On September 10, the FDIC and the OCC filed an amicus brief in the U.S. District Court for the District of Colorado, supporting a bankruptcy judge’s ruling, which refused to disallow a claim for a business loan that carried a more than 120 percent annual interest rate, concluding the interest rate was permissible as a matter of federal law. After filing bankruptcy in 2017, a Denver-based business sought to reject the claim under Section 502 of the Bankruptcy Code, and sought equitable subordination under Section 510 of the Code, arguing that the original promissory note, executed by the debtor and a Wisconsin state chartered bank, and subsequently assigned to a nonbank lender, was invalid under Colorado’s usury law. The bankruptcy judge disagreed, declining to follow Madden v. Midland Funding, LLC (covered by a Buckley Special Alert here). The judge concluded that the promissory note was valid under Wisconsin law when executed as that state imposes no interest rate cap on business loans, and the assignment to the nonbank lender did not alter this, stating “[i]n the Court’s view, the ‘valid-when-made’ rule remains the law.” The debtor appealed the ruling to the district court.

In support of the bankruptcy judge’s opinion, the FDIC and the OCC argue that the valid-when-made rule is dispositive.
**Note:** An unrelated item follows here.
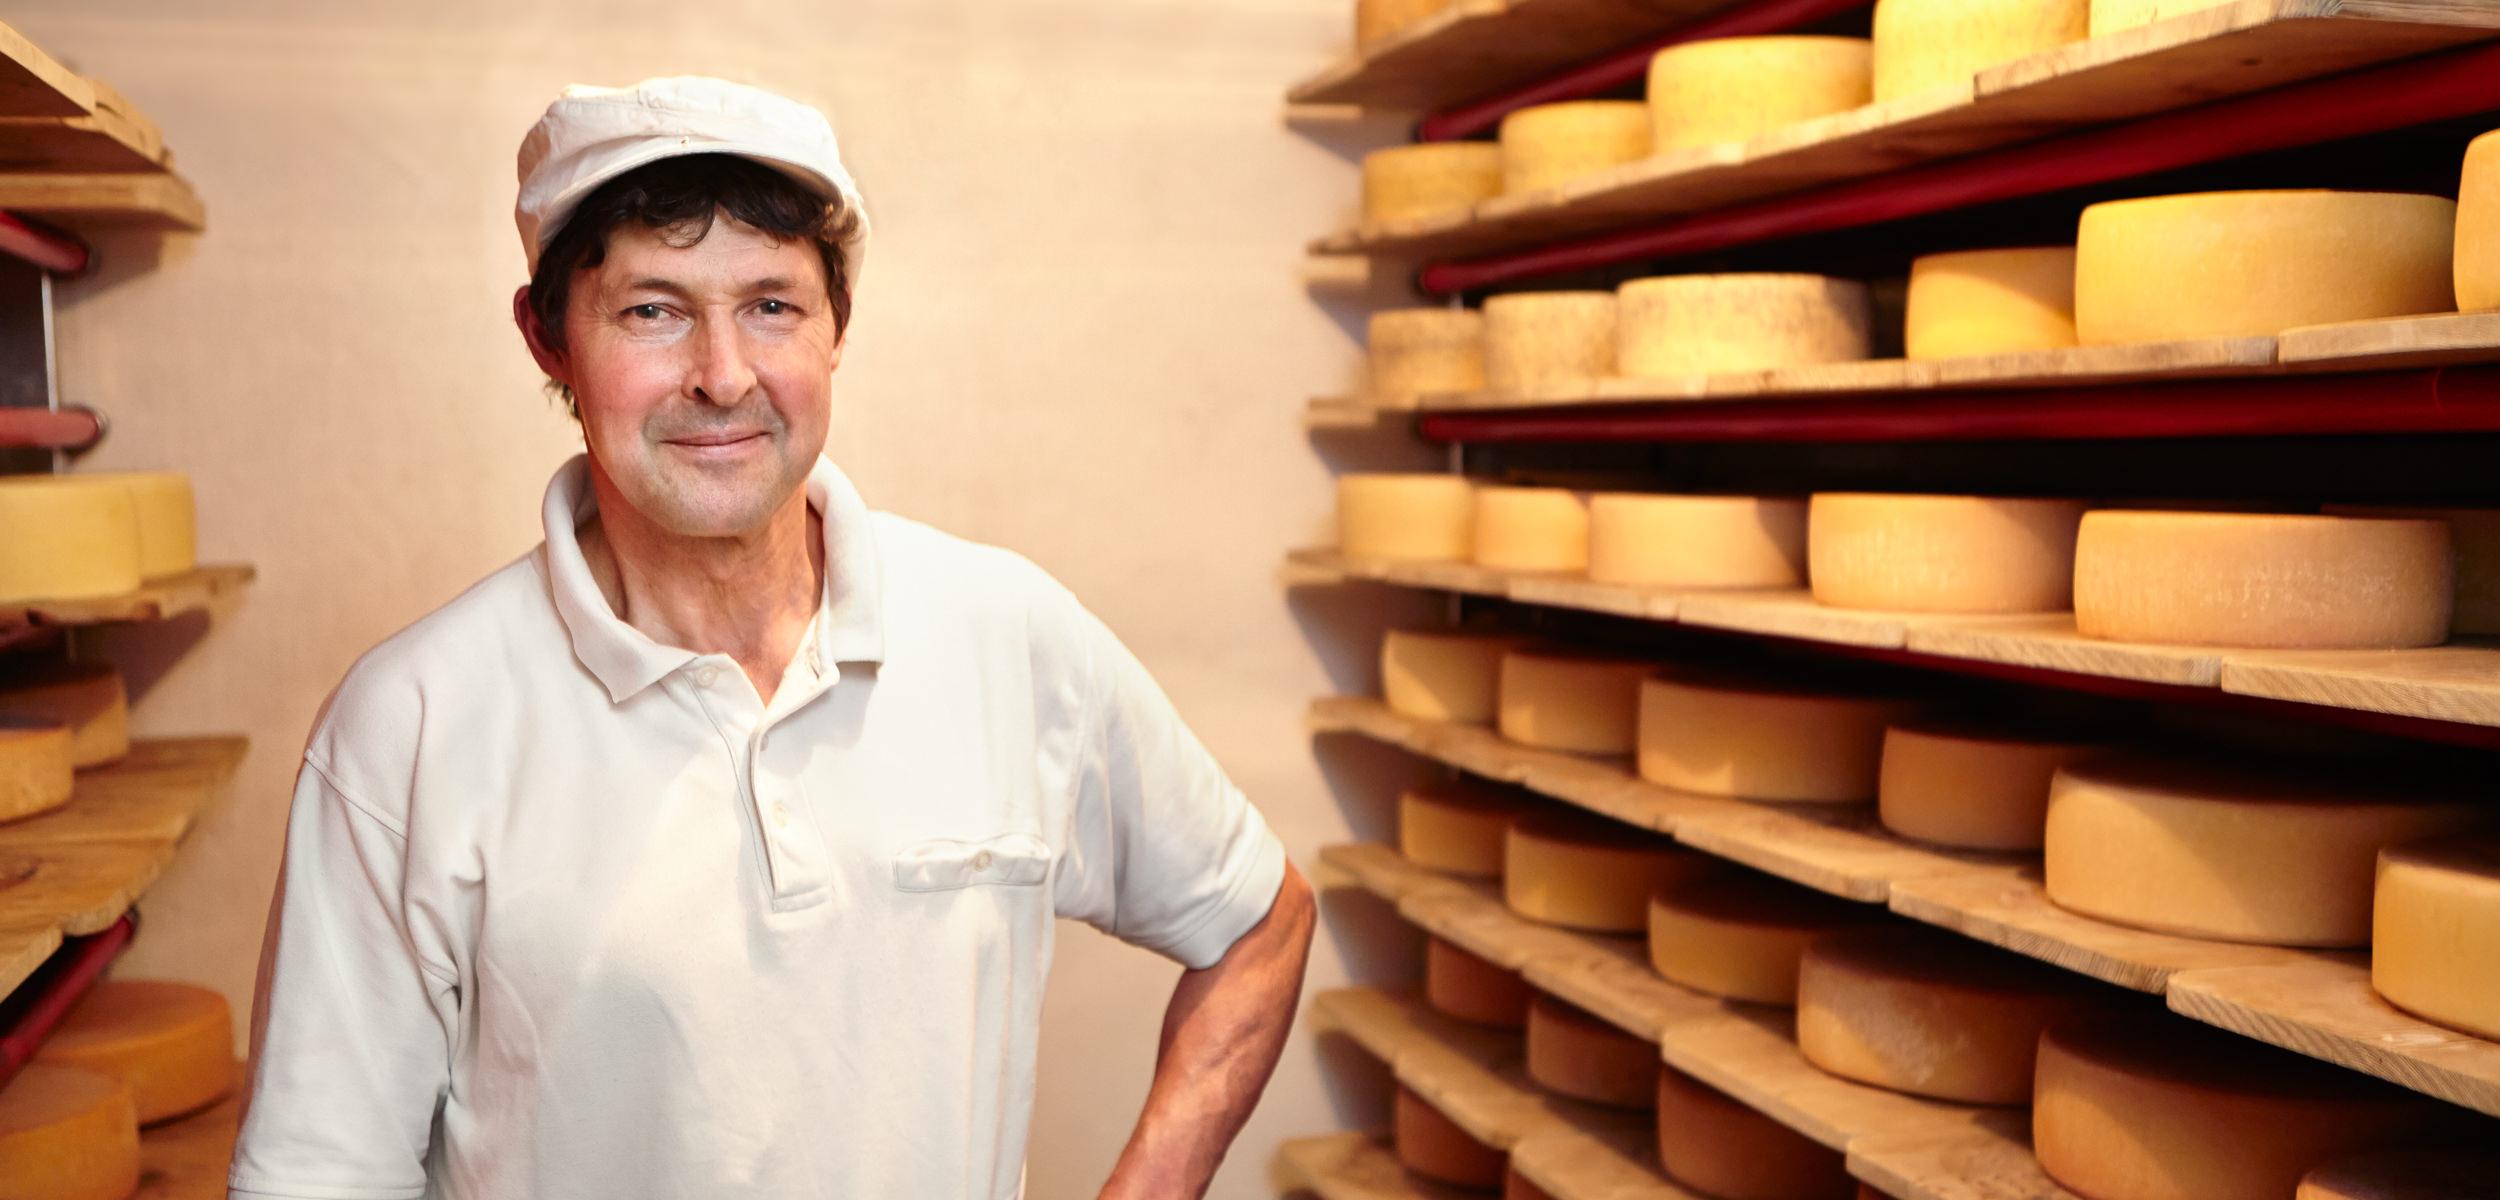 josef huber kraus käser honhardter demeterhöfe landwirtschaft käseherstellung käse lebensmittel demeter bio biolebensmittel jörn strojny

Specifically, the agencies assert that the nonbank assignee may lawfully charge the 120 percent annual rate, because the interest rate was non-usurious at the time when the loan was made by the Wisconsin state chartered bank. Moreover, the agencies state that it is a fundamental rule of contract law that “an assignee succeeds to all the assignor’s rights in the contract, including the right to receive the consideration agreed upon in the contract—here, the interest rate agreed upon.” Hence, the nonbank lender inherited the same contractual right to charge the annual interest rate. The agencies also argue that the Federal Deposit Insurance Act’s provisions regarding interest rate exportation (specifically 12 U.S.C. § 1831d) requires the same result, noting that “Congress intended to confer on banks a meaningful right to make loans at the rates allowed by their home states, which necessarily includes the ability to transfer those rates.” The agencies conclude that the bankruptcy judge correctly rejected Madden, calling the 2nd Circuit’s decision “unfathomable” for disregarding the valid-when-made doctrine and the “stand-in-the-shoes-rule” of contract law.